Actually, There Is an Economic Consensus Around Climate Action
Of all the reasons to support climate action, one of the strongest may be self-interest. Preventing deaths and illnesses caused by carbon pollution makes sense. Protecting our businesses and homes from climate-related impacts makes sense. Safeguarding local jobs through clean-energy and infrastructure projects that can’t be outsourced makes sense. This is why, contrary to popular belief, most economists believe fighting climate change is the financially wise thing to do.
According to a recent survey, 98 percent of economists believe climate change will have a negative impact on the global economy – and 41 percent believe it’s already having a negative effect. The majority believe climate change is a serious threat requiring immediate action. And as this Vox article points out, they also believe most economic models are “systematically underestimating climate change — and thus giving policymakers bad advice.”

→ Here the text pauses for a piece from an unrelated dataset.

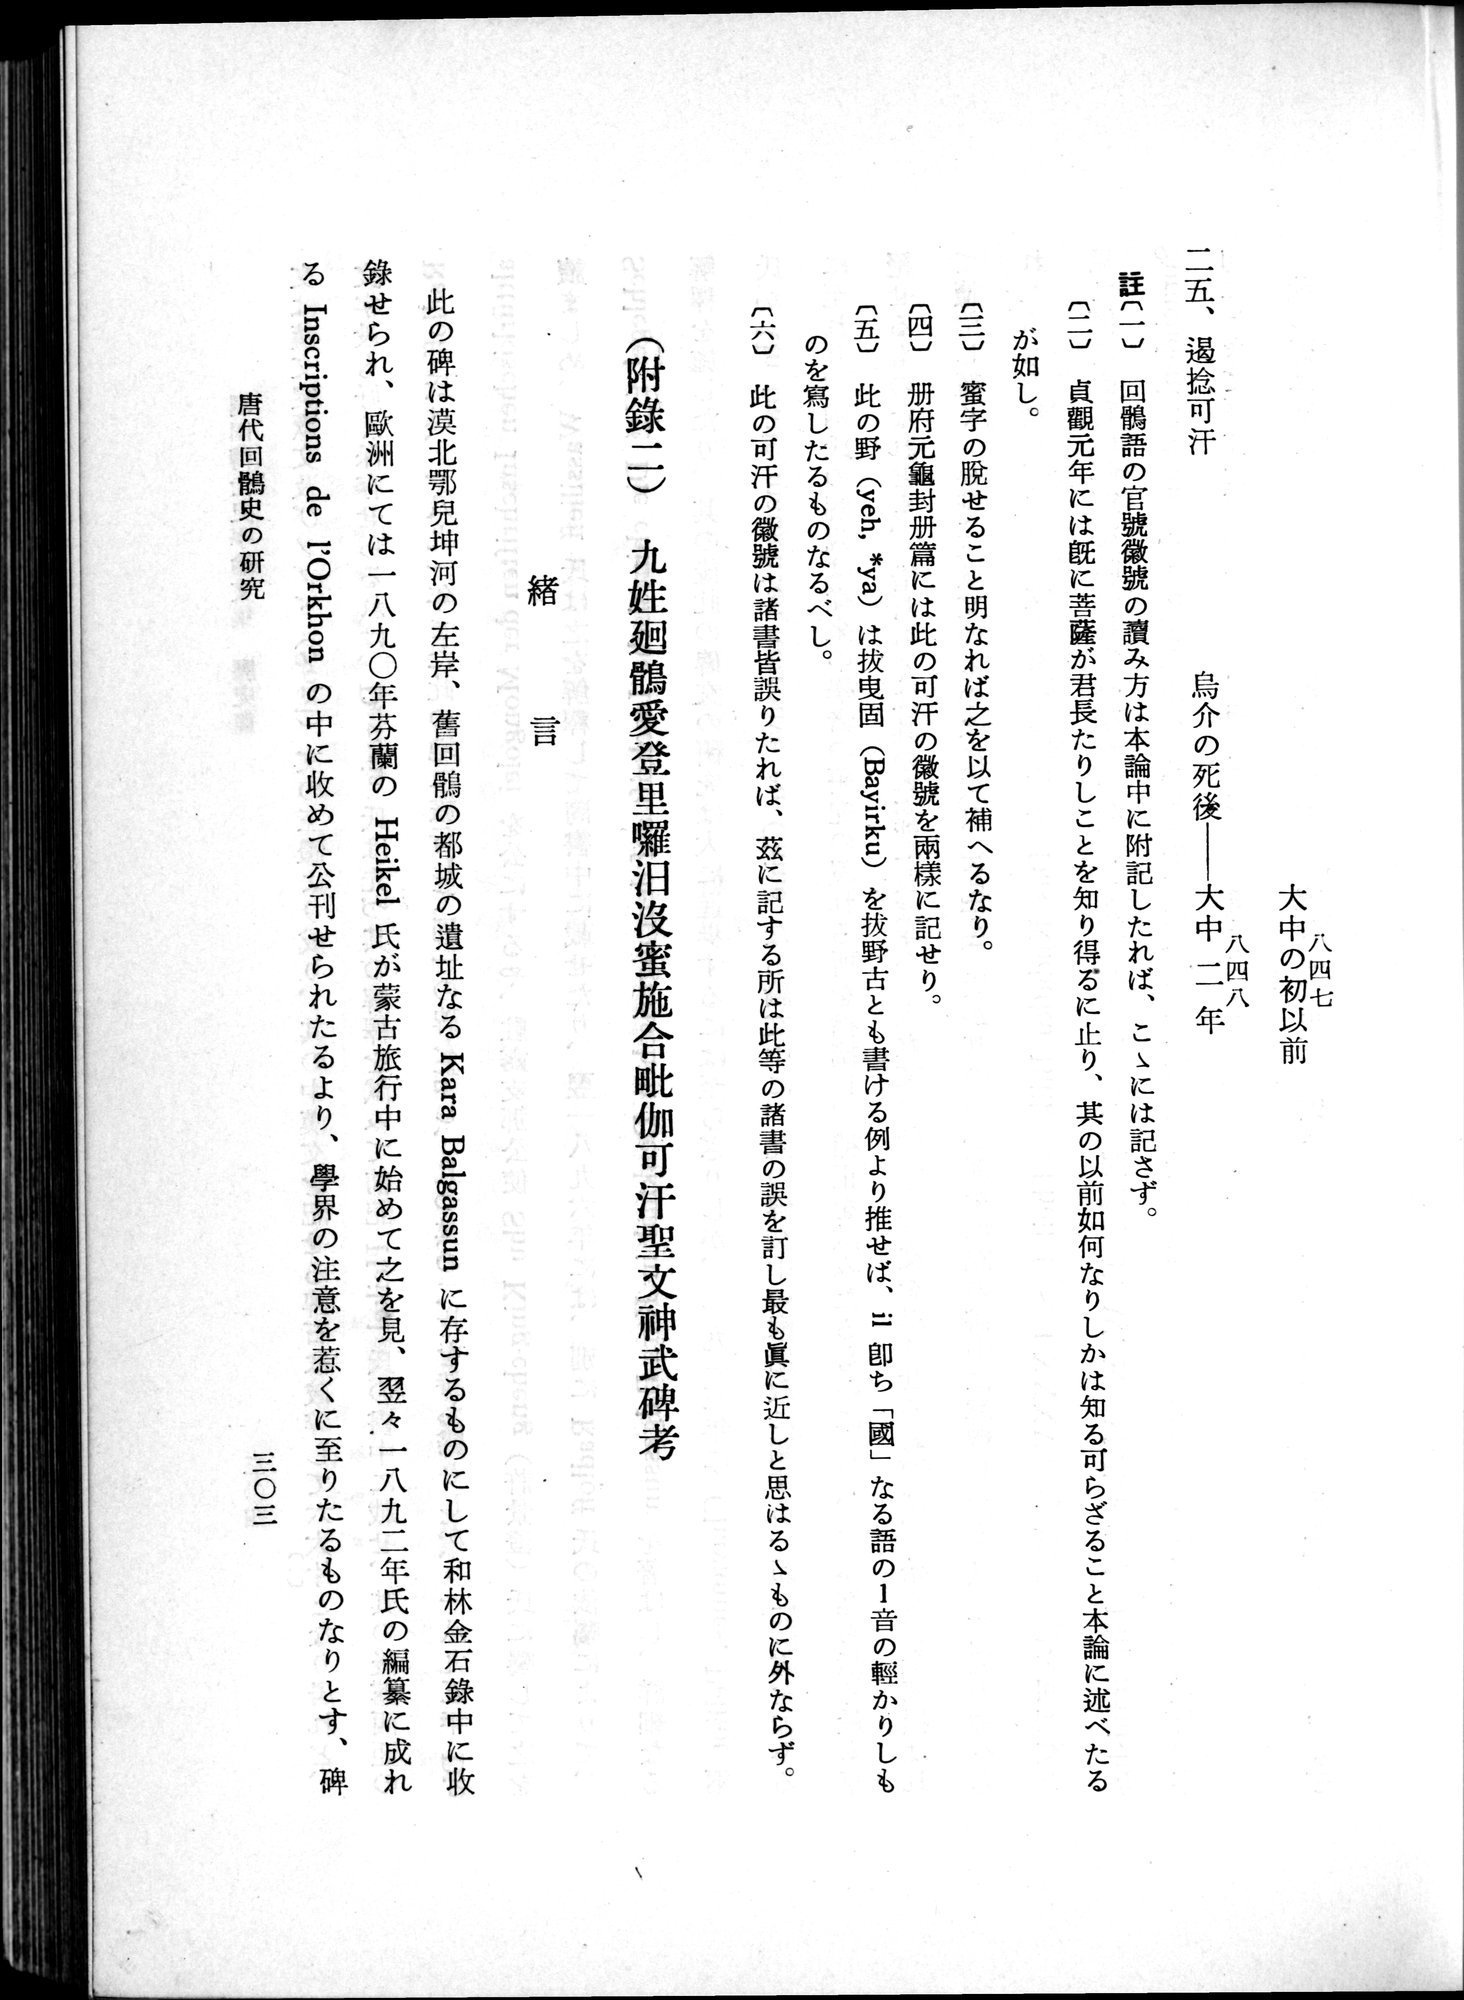 羽田博士史学論文集 : vol.1 / Page 341 (Grayscale High Resolution Image)

This may help explain why there is a pervasive misconception among elected leaders and the general public about the value of climate action. It’s important to help people understand both the scale of the risks from climate change, and the huge benefits (as well as cost savings) associated with solutions.
By David Roberts | Vox
It’s fairly well-established at this point that there’s a robust scientific consensus about the threat of climate change. But analysts and journalists often say (or imply) that there’s less of an economic consensus, that economists are leery of the actions recommended by scientists because of their cost.
Is it true? It turns out there have been very few systematic surveys of economists’ opinions on the subject, and the few that have been done suffer from methodological shortcomings.
Last year, the New York–based Institute for Policy Integrity tried to remedy that situation with just such a large-scale survey of economists who have published work on climate change.